#include <tre/regex.h>
int
regcomp(regex_t *preg,
const char
*regex, int
cflags);
int regncomp(regex_t
*preg, const
char *regex,
size_t len,
int cflags);
int regwcomp(regex_t
*preg, const
wchar_t *regex, int cflags);
int regwncomp(regex_t
*preg, const
wchar_t *regex, size_t
len, int
cflags);
void regfree(regex_t
*preg);
The regcomp() function compiles the regex string pointed to by regex to an internal representation and stores the result in the pattern buffer structure pointed to by preg. The regncomp() function is like regcomp(), but regex is not terminated with the null byte. Instead, the len argument is used to give the length of the string, and the string may contain null bytes. The regwcomp() and regwncomp() functions work like regcomp() and regncomp(), respectively, but take a wide-character (wchar_t) string instead of a byte string.
The cflags argument is a the bitwise inclusive OR of zero or more of the following flags (defined in the header <tre/regex.h>):
- REG_EXTENDED
- Use POSIX Extended Regular Expression (ERE) compatible syntax when compiling regex. The default syntax is the POSIX Basic Regular Expression (BRE) syntax, but it is considered obsolete.
- REG_ICASE
- Ignore case. Subsequent searches with the regexec family of functions using this pattern buffer will be case insensitive.
- REG_NOSUB
- Do not report submatches. Subsequent searches with the regexec family of functions will only report whether a match was found or not and will not fill the submatch array.
- REG_NEWLINE
- Normally the newline character is treated as an ordinary character. When this flag is used, the newline character ('\n', ASCII code 10) is treated specially as follows:
- The match-any-character operator (dot "." outside a bracket expression) does not match a newline.

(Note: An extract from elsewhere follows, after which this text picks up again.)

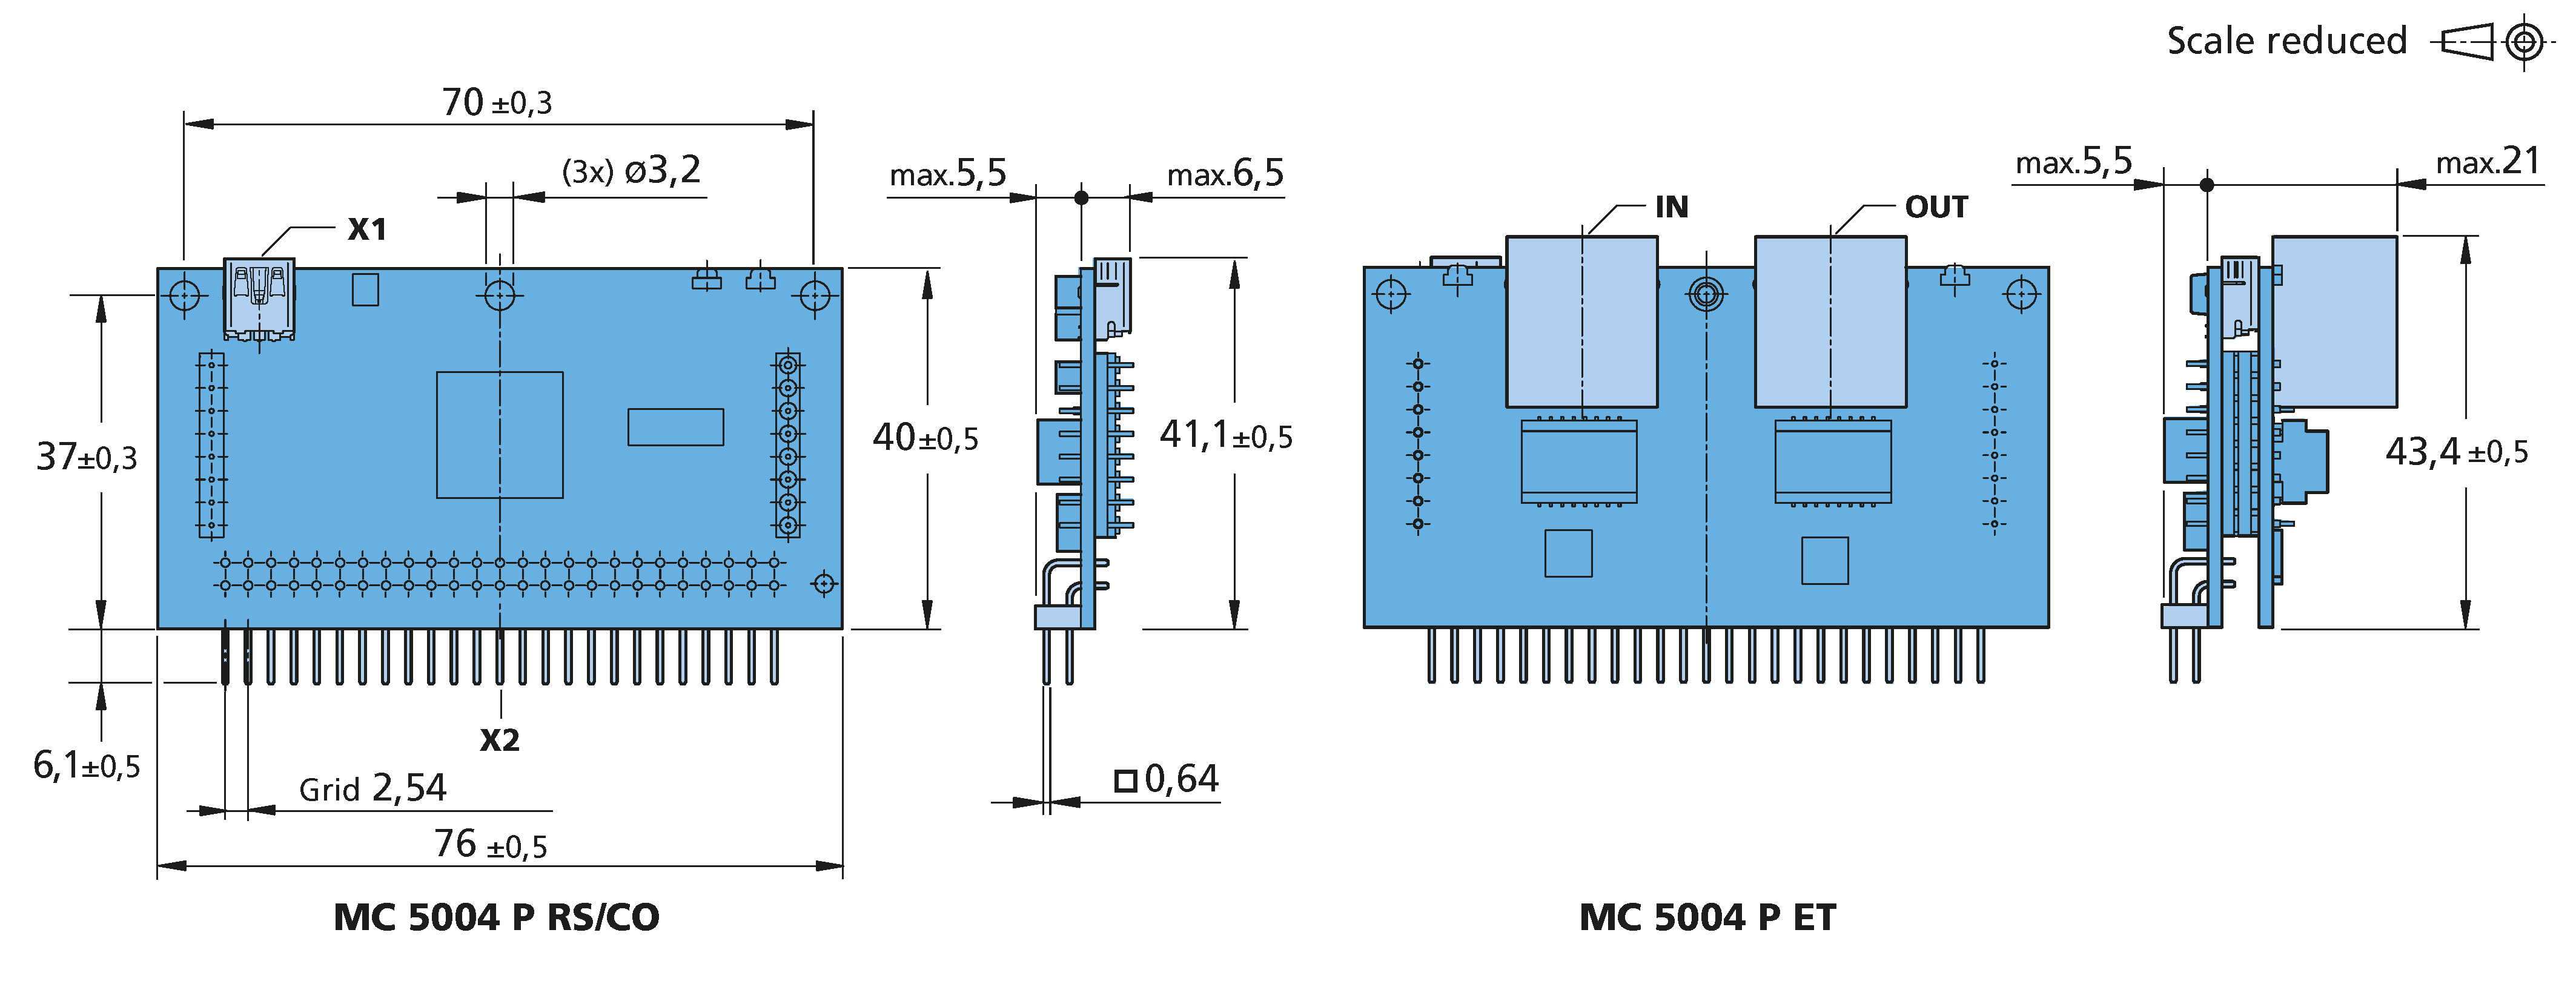 ドライブエレクトロニクス Series MC 5004 P

- A non-matching list ([^...]) not containing a newline does not match a newline.
- The match-beginning-of-line operator ^ matches the empty string immediately after a newline as well as the empty string at the beginning of the string (but see the
REG_NOTBOL
regexec()
flag below).- The match-end-of-line operator $ matches the empty string immediately before a newline as well as the empty string at the end of the string (but see the
REG_NOTEOL
regexec()
flag below).- REG_LITERAL
- Interpret the entire regex argument as a literal string, that is, all characters will be considered ordinary. This is a nonstandard extension, compatible with but not specified by POSIX.
- REG_NOSPEC
- Same as REG_LITERAL. This flag is provided for compatibility with BSD.
- REG_RIGHT_ASSOC
- By default, concatenation is left associative in TRE, as per the grammar given in the base specifications on regular expressions of Std 1003.1-2001 (POSIX). This flag flips associativity of concatenation to right associative. Associativity can have an effect on how a match is divided into submatches, but does not change what is matched by the entire regexp.
- REG_UNGREEDY
- By default, repetition operators are greedy in TRE as per Std 1003.1-2001 (POSIX) and can be forced to be non-greedy by appending a ? character. This flag reverses this behavior by making the operators non-greedy by default and greedy when a ? is specified.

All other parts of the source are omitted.